Subsequently, dye molecules (such as small molecule precursor dyes) enter the hair cortex through "concentration difference diffusion". The smaller the molecule, the higher the solubility, and the stronger the diffusion efficiency; However, macromolecular dyes (such as flavonoids in natural plant dyes) are difficult to penetrate, which is also the core reason for the poor color persistence of natural hair dyes.
Step 3:
Discoloration and Reaction in Cortical Hair
After entering the hair cortex, oxidants (such as hydrogen peroxide) first react with natural melanin: the indole structure in melanin is oxidized and broken, and the original color disappears (i.e. "decolorization"), making space for new colors. At the same time, the oxidant moderately breaks the disulfide bonds of keratin, expanding the fiber bundle gaps in the hair cortex and further promoting the diffusion of dye molecules.
Subsequently, dye molecules react with keratin: if it is a permanent hair dye, small molecule precursor dyes (such as p-phenylenediamine) will undergo oxidative polymerization under the action of oxidants, forming macromolecular pigments that covalently bind with the amino groups of keratin (with strong binding force and are not easily detached); If it is a semi permanent hair dye, dye molecules (such as acid dyes) adhere through electrostatic adsorption (binding to the carboxyl group of keratin), with weak binding force and easy detachment due to washing.
Step 4:
The diffusion and coloring stability of dyes towards the medulla oblongata
Unreacted dye molecules will further diffuse into the medulla, achieving color uniformity through physical filling; At the same time, with the rinsing of hair dye products and drying of hair, the "fish scale" cells on the hair cuticle gradually close, and the barrier function is restored, locking dye molecules in the hair cortex and medulla.

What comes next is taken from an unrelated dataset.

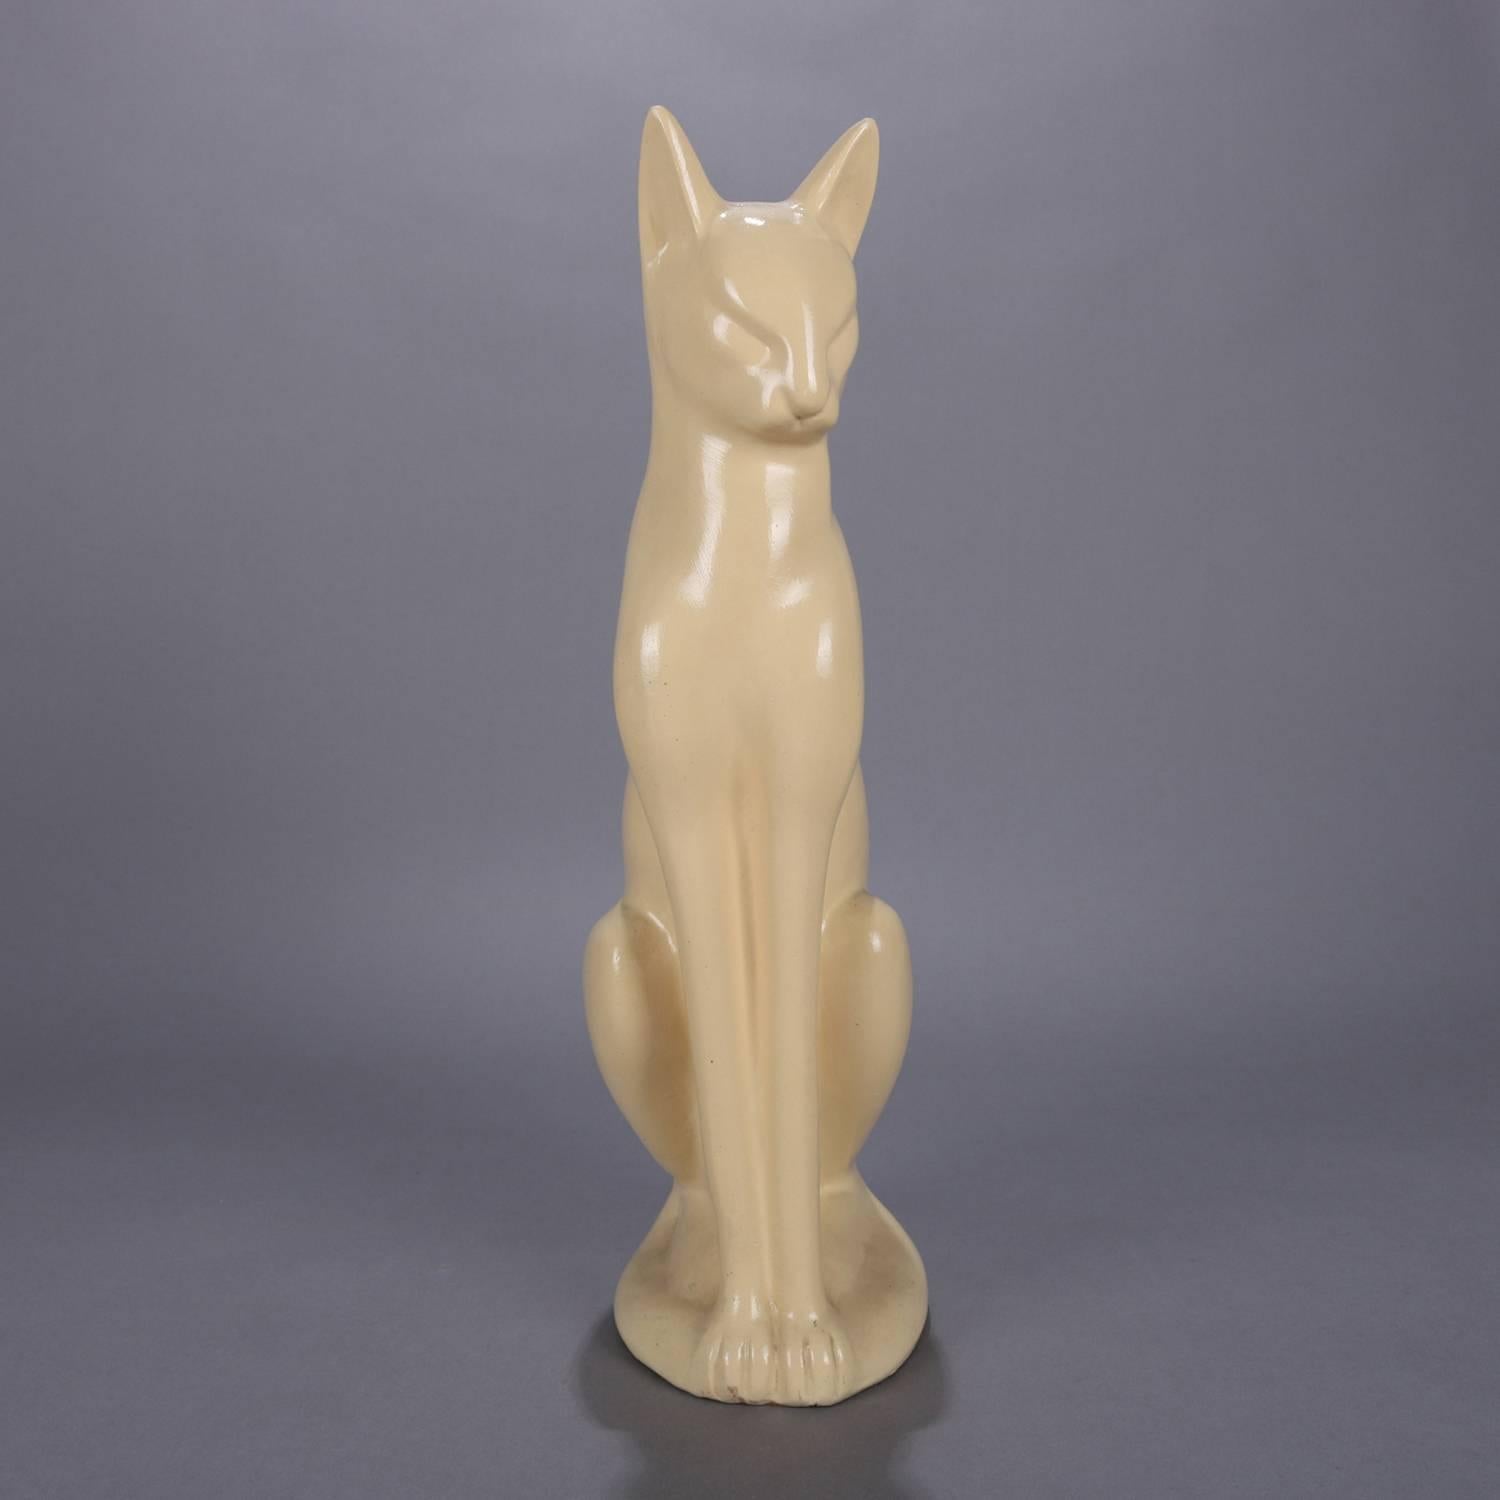 Large Art Deco figural ceramic sculpture of seated Siamese cat in cream glaze, circa 1930.

Measures: 18

The retention of new hair color is closely related to the interaction between the hair medulla and epidermis. Cells gradually close, barrier function is restored, and dye molecules are "locked" in the hair cortex and medulla. At this point, the hair dyeing process is completed, and the hair presents a new color that is not easily shed during daily cleaning (permanent type) or slowly sheds (semi permanent type).
The core of hair dyeing technology is the scientific matching of "hair structure and chemical properties" with "the mechanism of action of hair dye substances". For practitioners, only by deeply understanding the barrier function of the hair epidermis, the core role of the hair cortex, and the response characteristics of alpha keratin, can they find a balance between "effectiveness, mildness, and durability" and develop high-quality products that meet market demand. From the 19th century to today's 21st century, every breakthrough in dye research and dyeing technology stems from a deeper understanding of hair science, which is also the core direction of future industry innovation.